## WORK TO COMPLETE
Leaving out all pictures, return exactly the lines from the one that contains "shakespeare hashtag of the week" through the end of the data below.

## SOURCE DATA

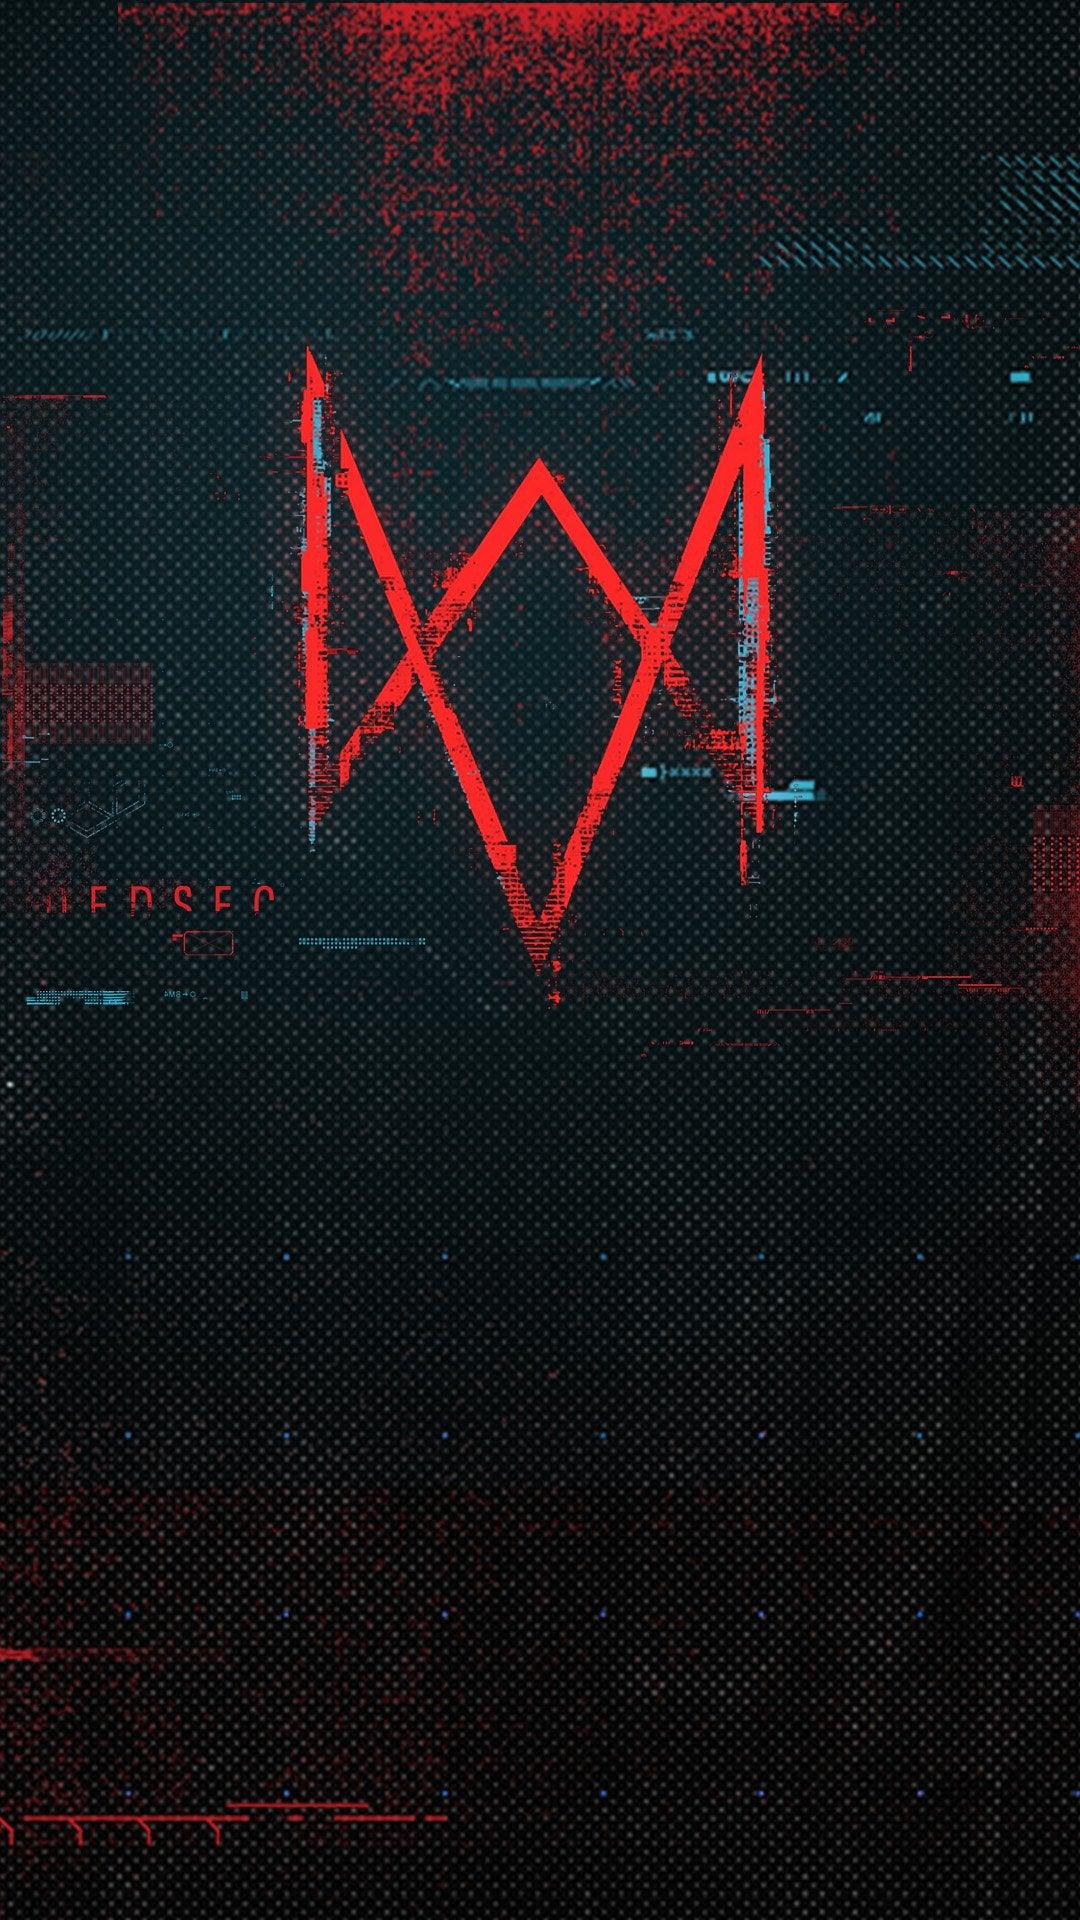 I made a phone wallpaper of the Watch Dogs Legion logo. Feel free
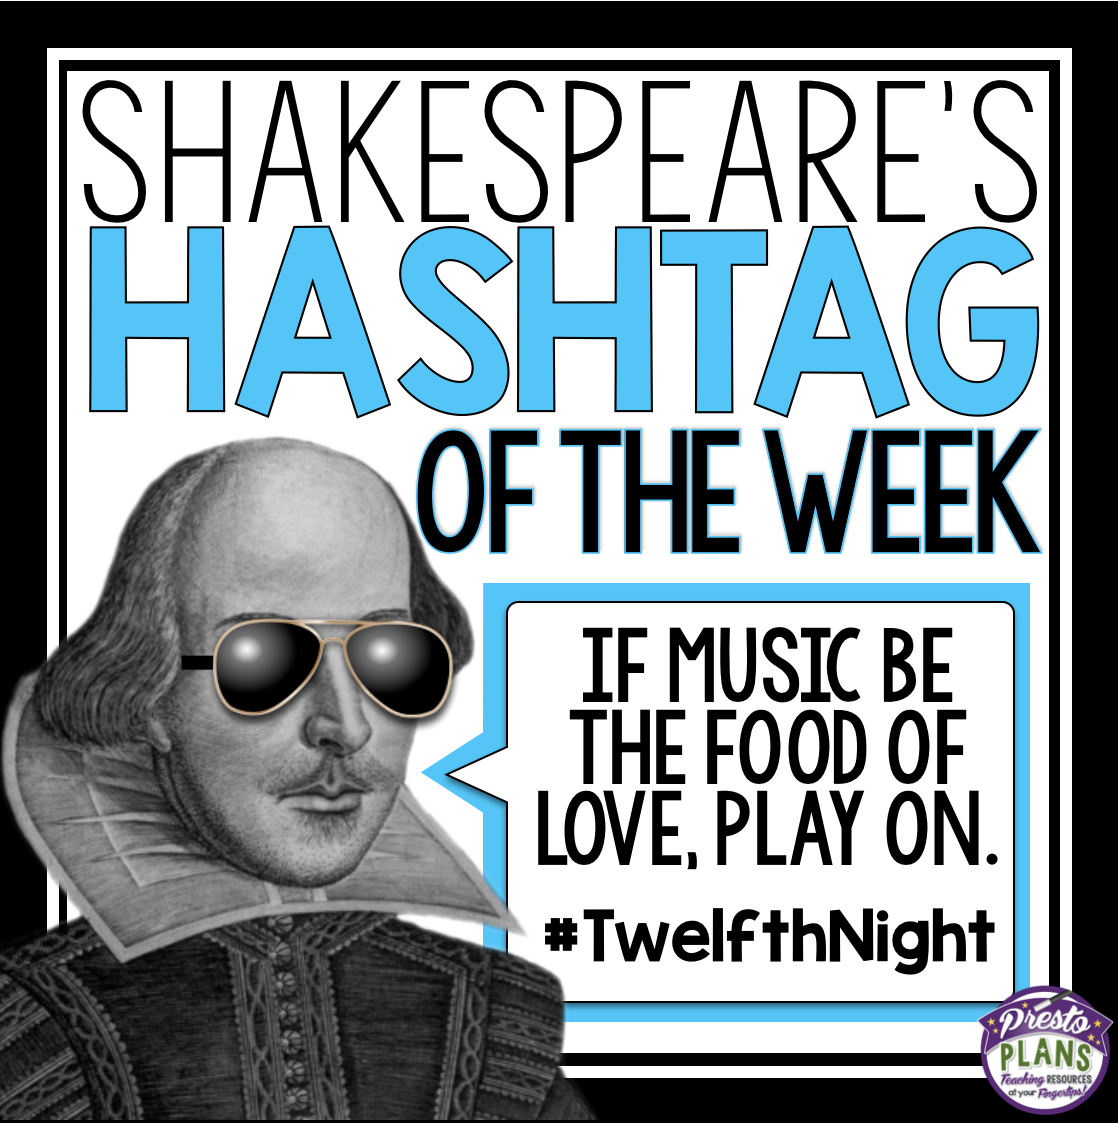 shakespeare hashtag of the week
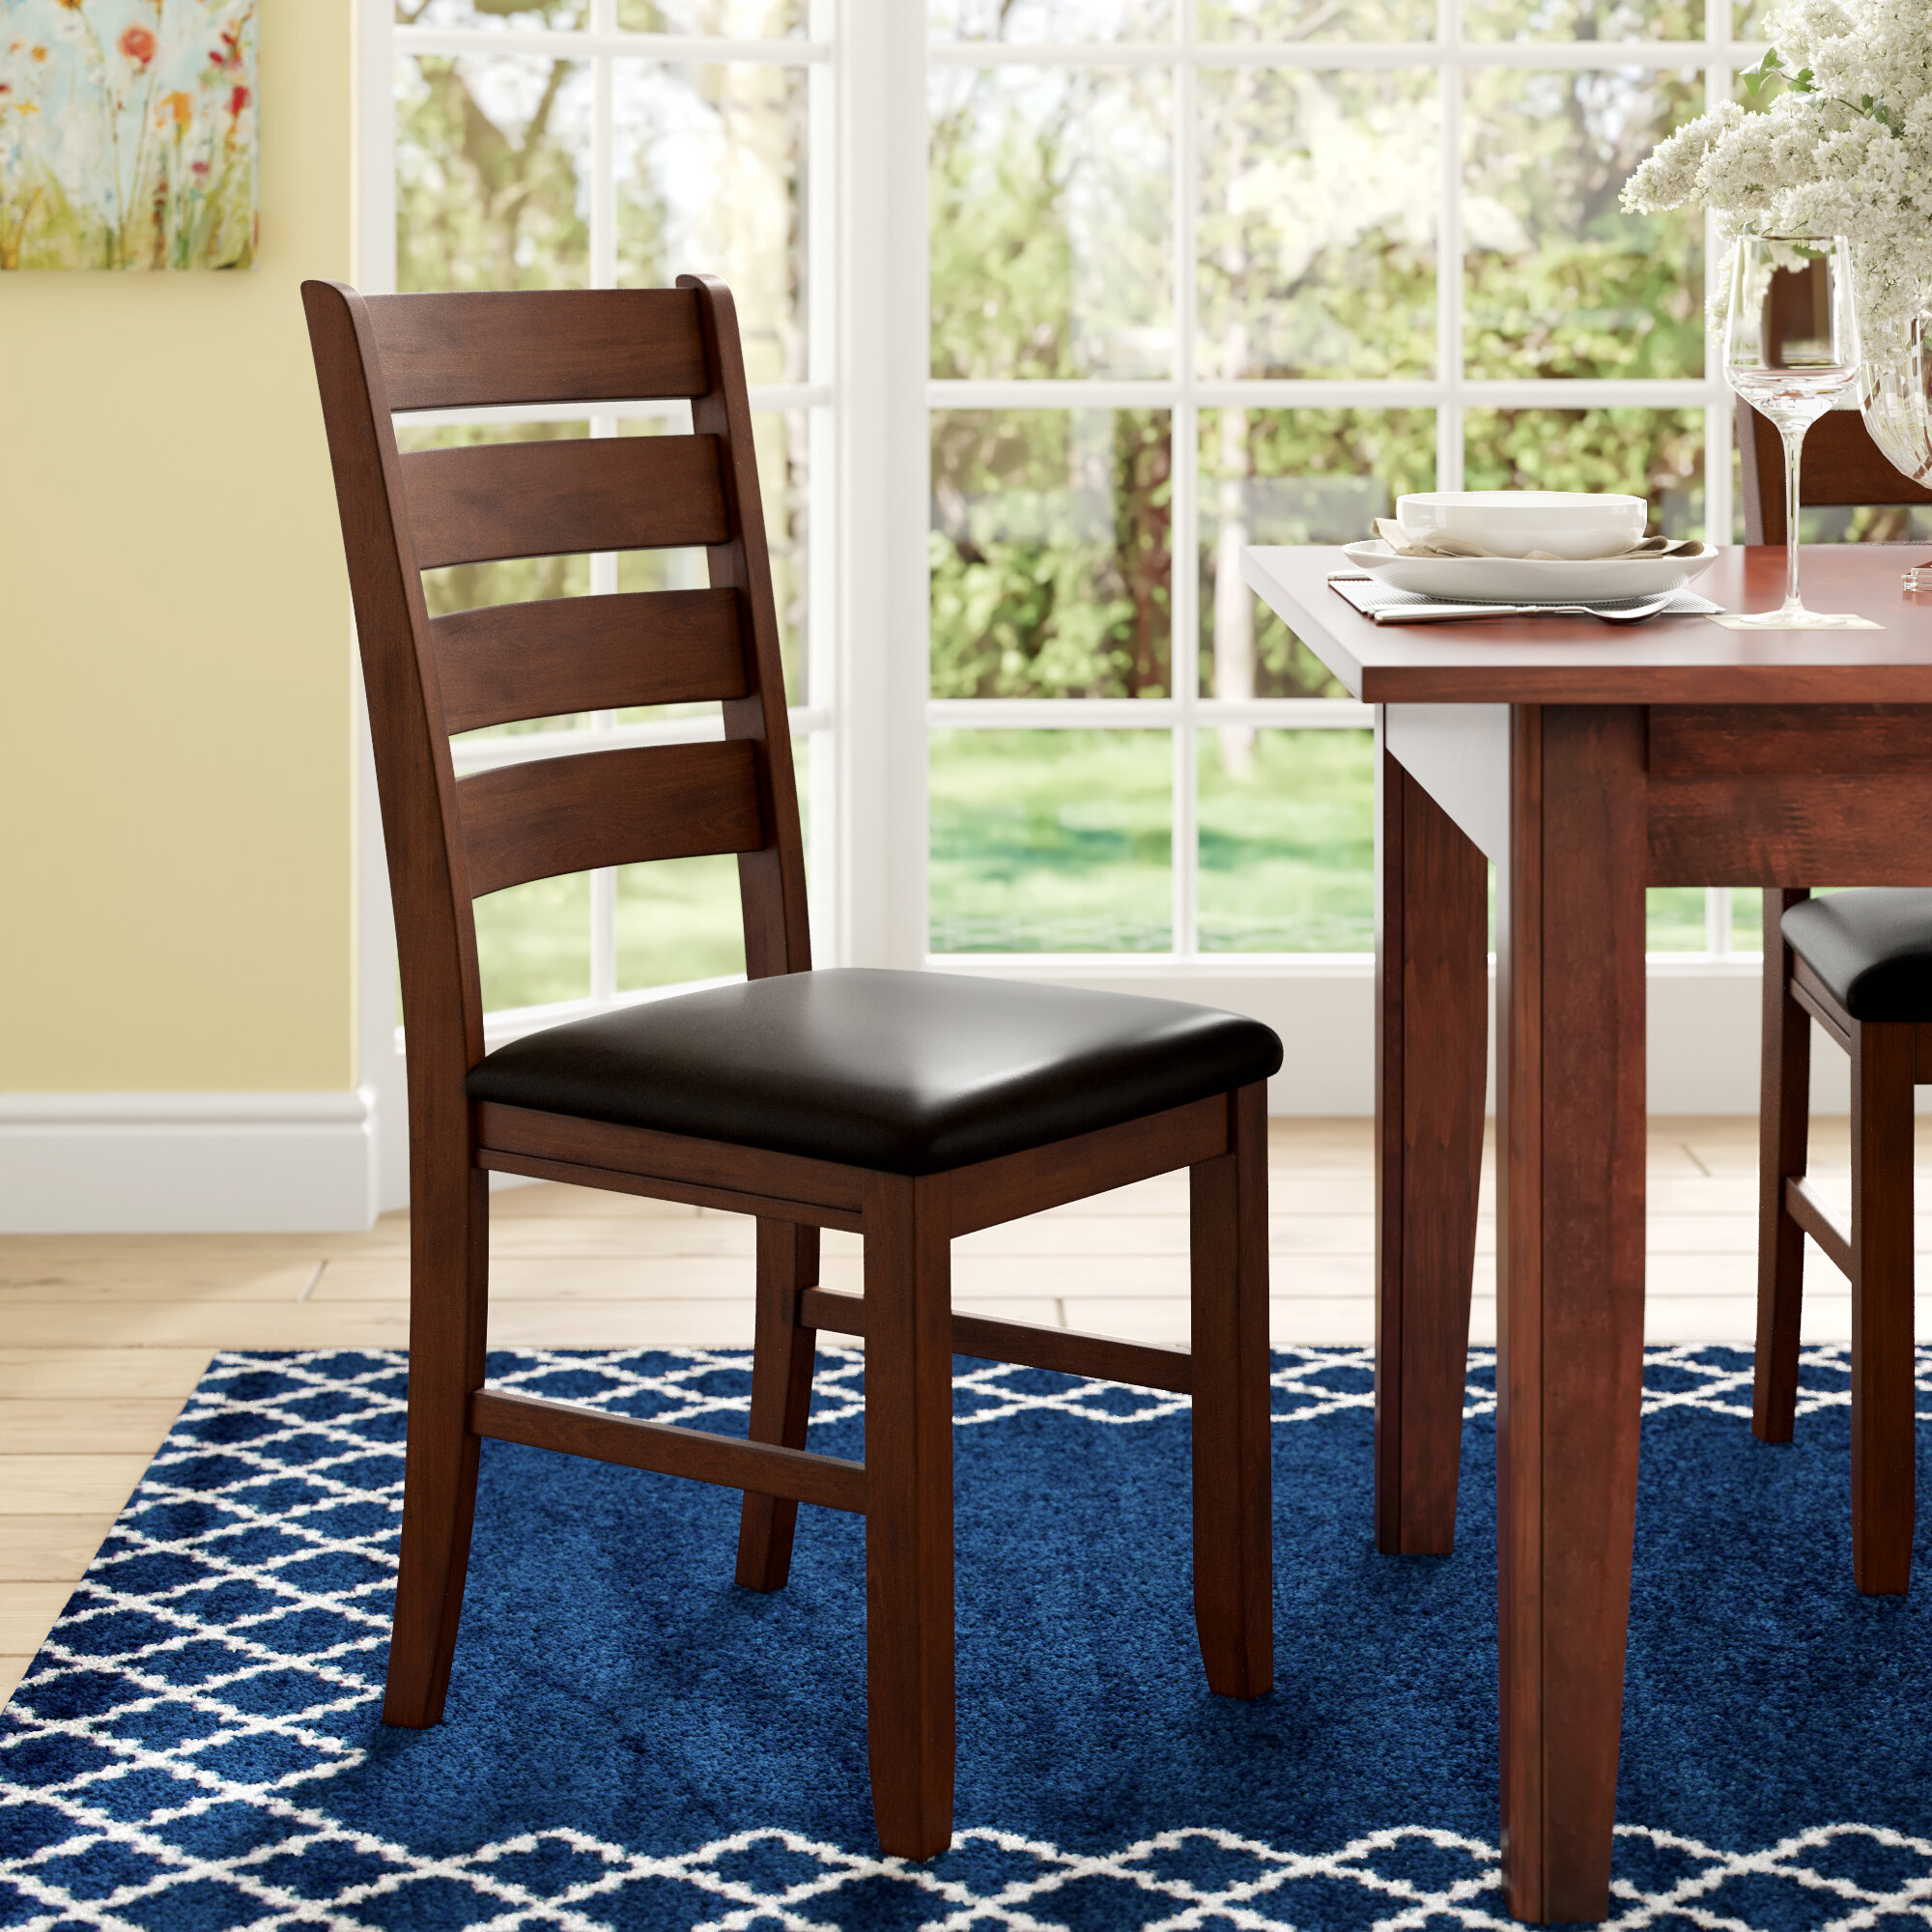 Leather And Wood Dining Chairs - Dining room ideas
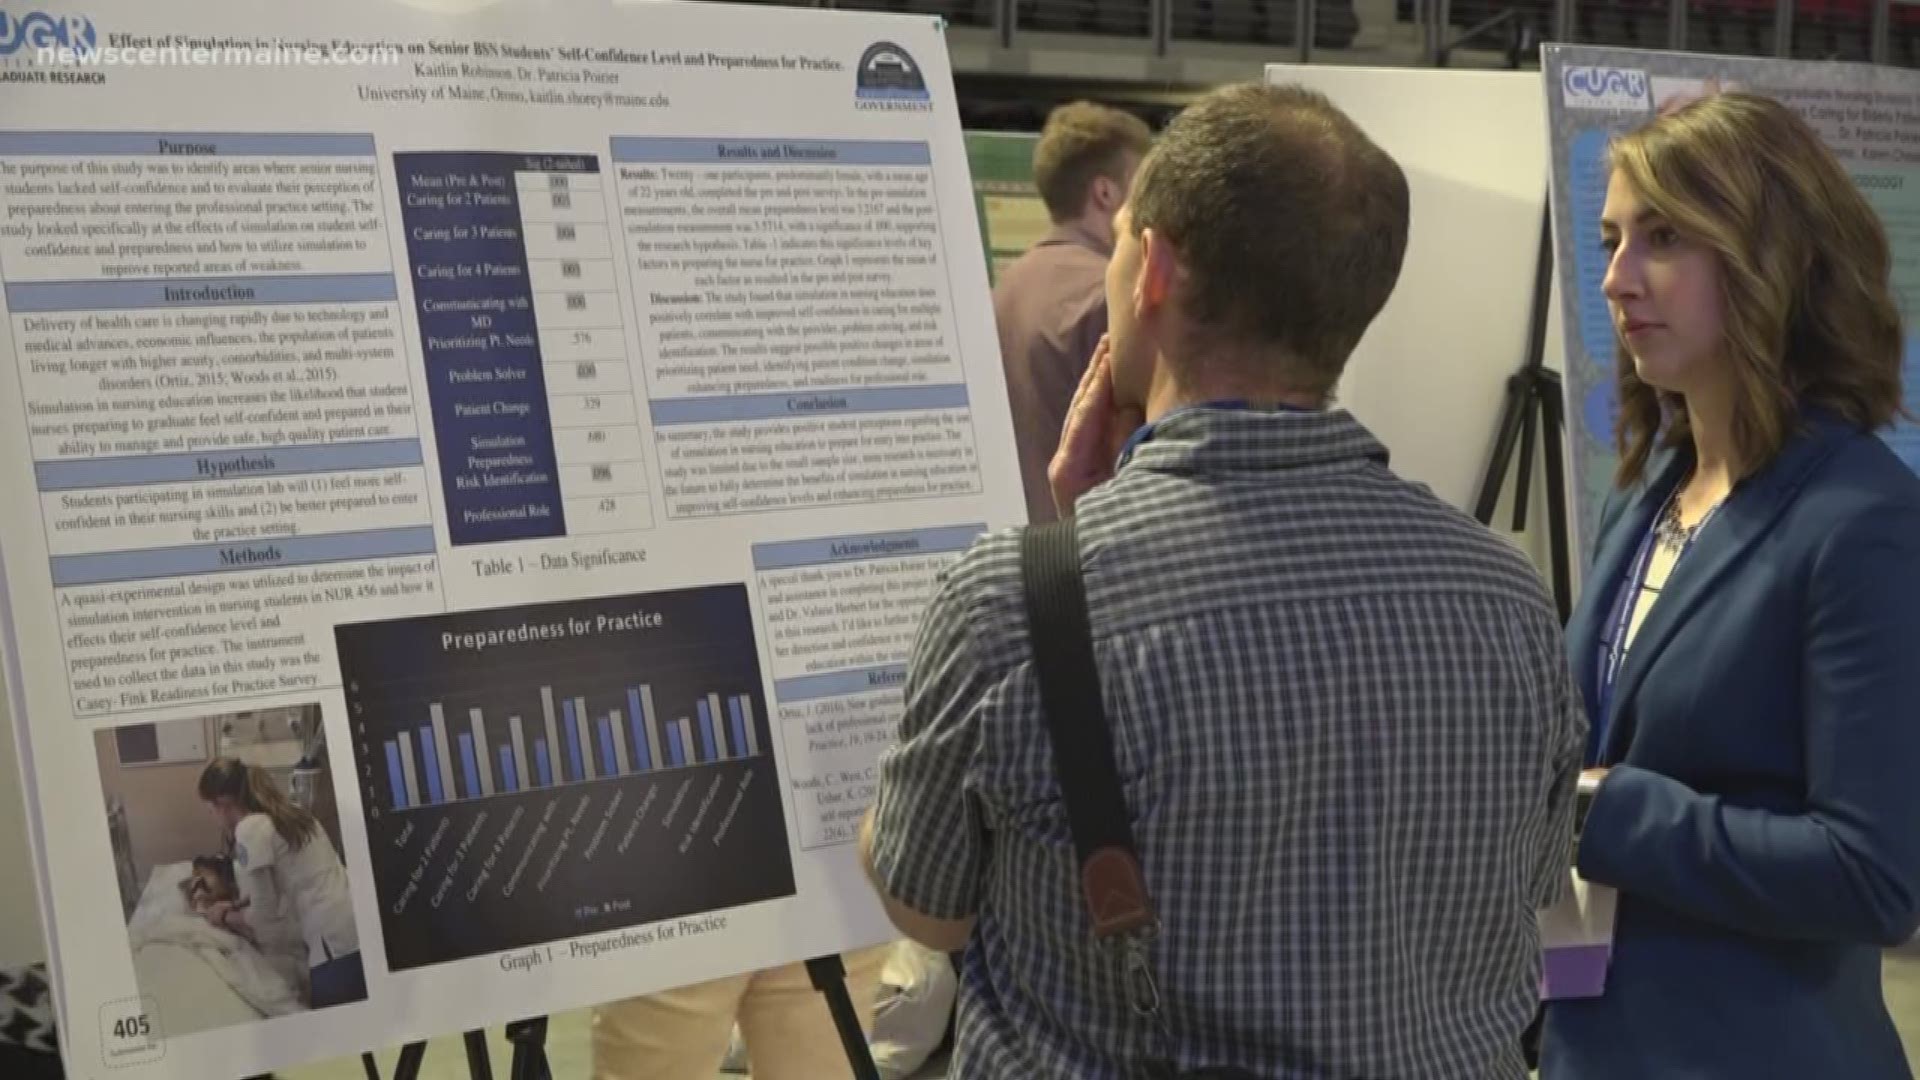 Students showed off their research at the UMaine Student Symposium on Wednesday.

## YOUR SOLUTION
 shakespeare hashtag of the week
 Leather And Wood Dining Chairs - Dining room ideas
 Students showed off their research at the UMaine Student Symposium on Wednesday.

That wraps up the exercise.